I declare that this assessment item is my own work, except where acknowledged, and has not been submitted for academic credit elsewhere or previously, or produced independently of this course (e.g. for a third party such as your place of employment) and acknowledge that the assessor of this item may, for the purpose of assessing this item: 

    a. Reproduce this assessment item and provide a copy to another member of the University; and/or 
    b. Communicate a copy of this assessment item to a plagiarism checking service (which may then retain a copy of the assessment item on its database for the purpose of future plagiarism checking). 

#####################################################################################

# Assessment


Tuning parameters with Grid + cross-validation: GridSearchCV <font color=green>**(Step 6 of the ML work-flow)**</font>

Pipelines.

The test will be kept in a "safe box" to use once we have found the best parameters and the best model with Grid SearchCV.


# 1. Introduction

In this assessment, you will be asked to use 'Grid' to find the best $alpha$ ($alpha=C=1/\lambda$) and the best combination of B:M class_weight for logistic regression with Ridge (L2) regularization and 5-CV.

**NB Nomeclature: **
Training, Validation and Test Set. 

* The training set, used to train the model
* The validation set, used to evaluate model performance and adjust hyper-parameters accordingly (for example, the alpha for Ridge Regression). Therefore, the validation set is used as an intermediate step. 
* The test set, used for final model evaluation. Book 2 uses the term "validation set" for what we call "test set" in Book 1.

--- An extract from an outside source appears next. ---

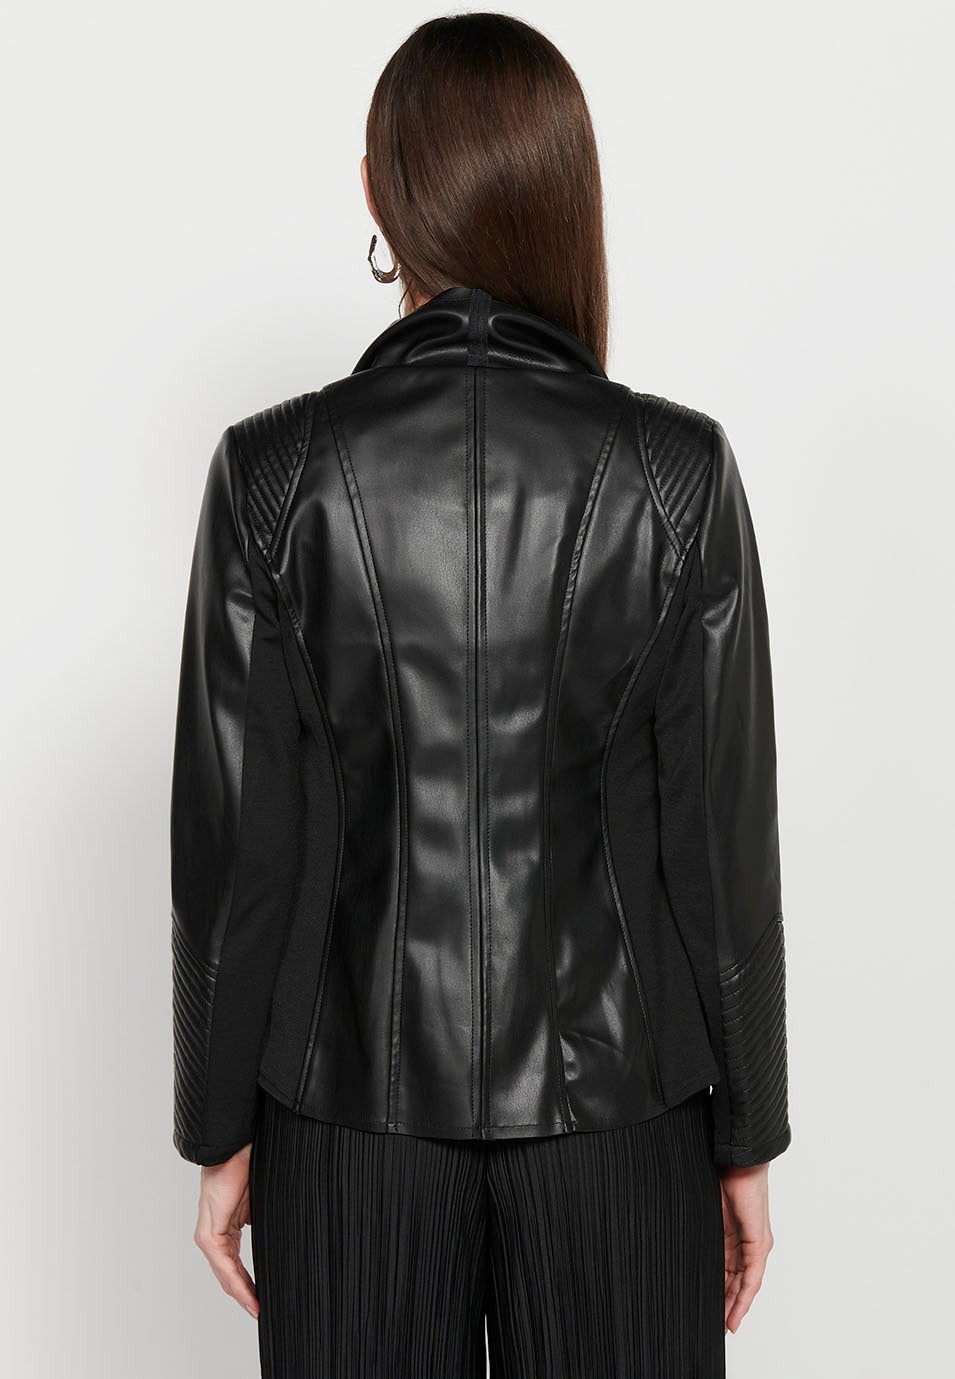 Jaqueta de màniga llarga, acabat asimètric, Color negre per a dona
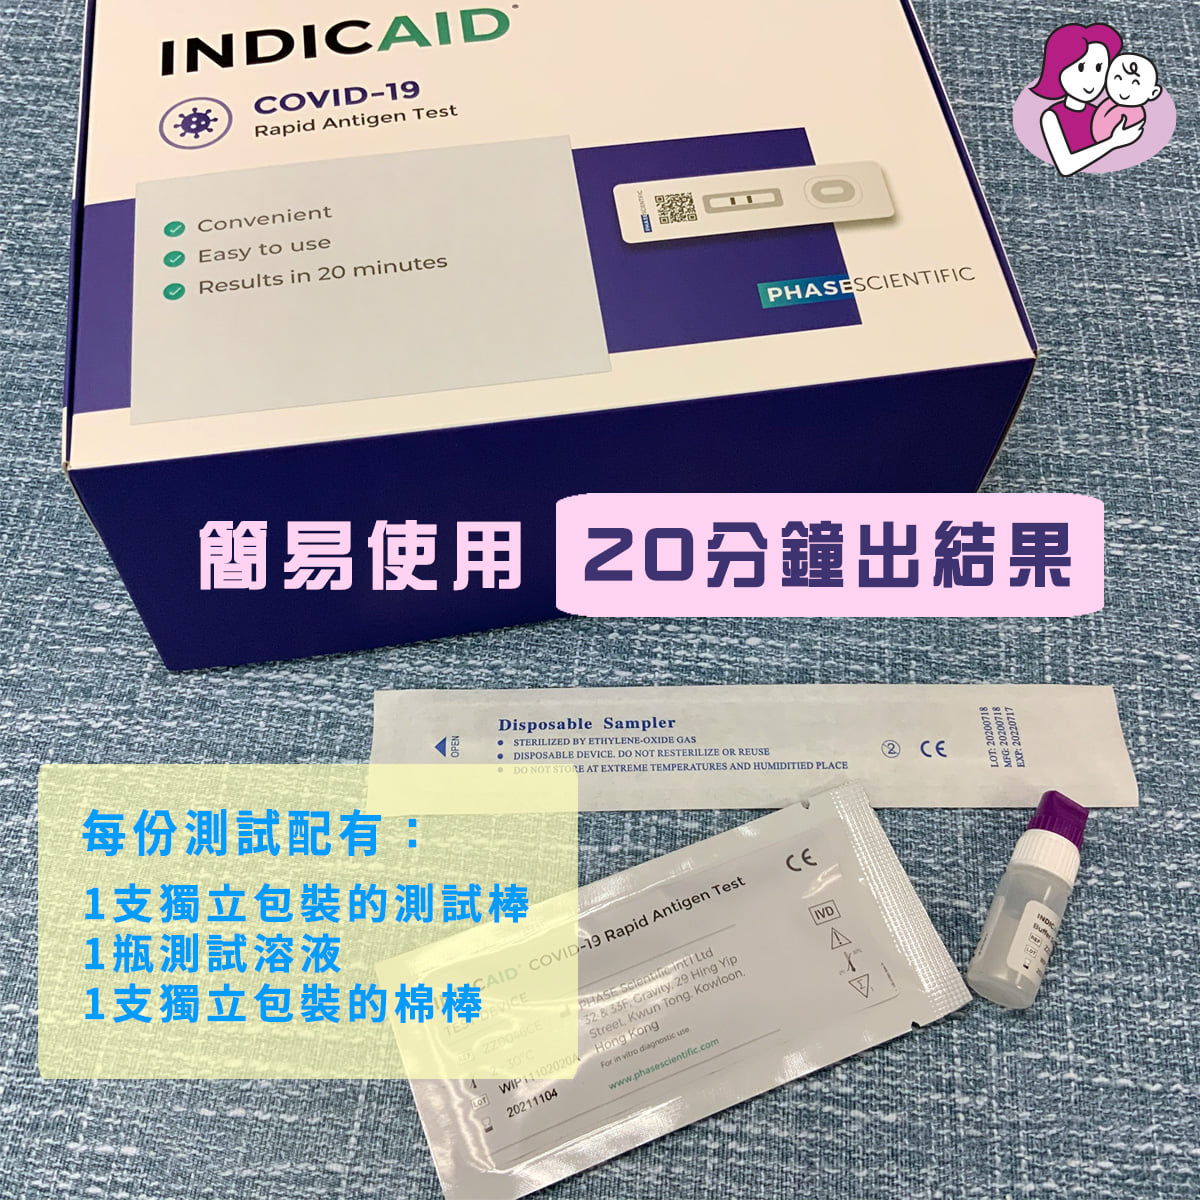 新冠肺炎快速抗原測試試劑盒 INDICAID COVID-19 Rapid Antigen Test

## 1.1. Aims of the Exercise:
 1. To become familiar with a validation set to find the best hyper-parameters of a model. Remember that the hyper-parameters are defined by the user.
 2. To become familiar with a grid search: the most commonly used method for tuning parameters is via a grid search, which entails testing many combinations of the parameters of interest.
 3. To become familiar with k-CV and grid search
 4. To become familiar with Python pipelines

 
It aligns with all of the learning outcomes of our course: 

1.	Distinguish a range of task specific machine learning techniques appropriate for Health Data Science.
2.	Design machine learning tasks for Health Data Science scenarios.
3.	Construct appropriate training and test sets for health research data.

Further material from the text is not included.